Neemt je zone gasmonitor echt de straal waar waarvan je denkt dat het die is?

Randy Gonzales, regionale verkoopdirecteur Westelijke VS & Canada 12 september 2023

Vijf factoren die de dekking, het bereik en de effectiviteit beïnvloeden

Gebied Monitor StraalZelfs bij een eenvoudige drop-and-go inzet moet gasdetectie in een industriële omgeving verder gaan dan alleen het gebruik van een omgevingsgasmonitor om werknemers en faciliteiten veilig te houden. Dat komt omdat de beweging van gas een gecompliceerde dans is die door verschillende variabelen wordt beïnvloed. Als u weet hoe deze monitors werken, inclusief hun reikwijdte en beperkingen, kunt u ervoor zorgen dat ze effectief werken en registreren wat de bedoeling is.

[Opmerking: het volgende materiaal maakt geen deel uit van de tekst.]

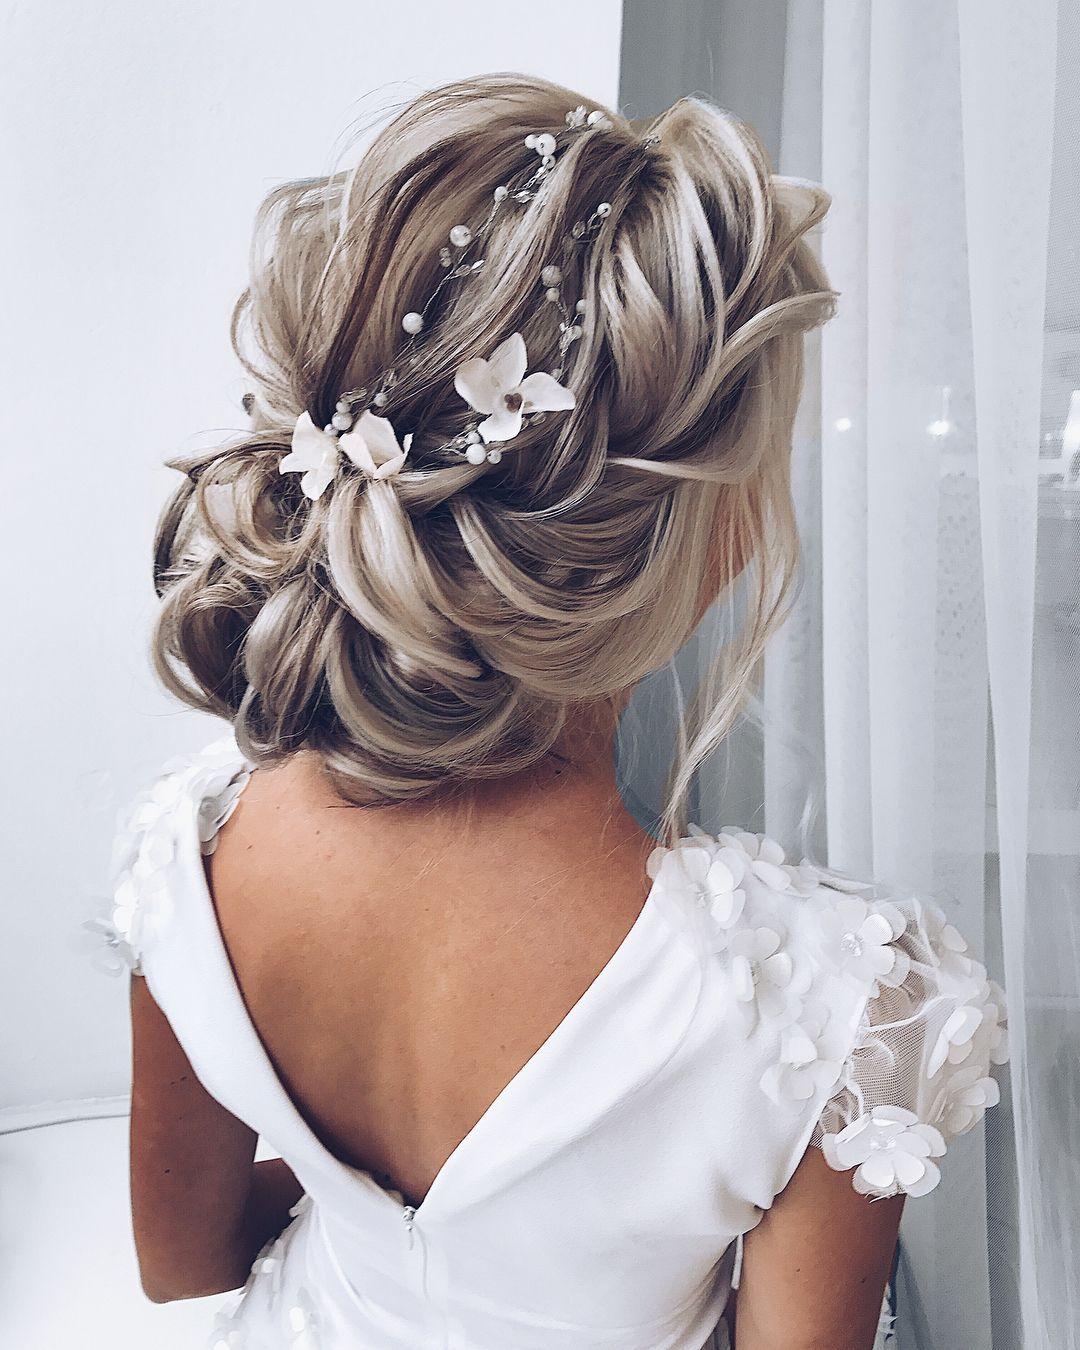 Wedding Forward Blog Auf Instagram Investiere In Deine Haare Es Ist Die Krone Die Du Niemals In 2020 Hochzeitsfrisuren Lange Hochzeit Frisuren Frisur Hochzeit

Een veel voorkomende misvatting is dat een zonemonitor gas detecteert in een vaste straal. Dat wil zeggen, zodra je een zonemonitor inzet, zal hij gas detecteren rond die locatie binnen een bepaald aantal meter. Dit is niet noodzakelijk waar. Meerdere factoren beïnvloeden de effectieve dekking en een zonemonitor kan alleen de gassen detecteren waaraan hij wordt blootgesteld.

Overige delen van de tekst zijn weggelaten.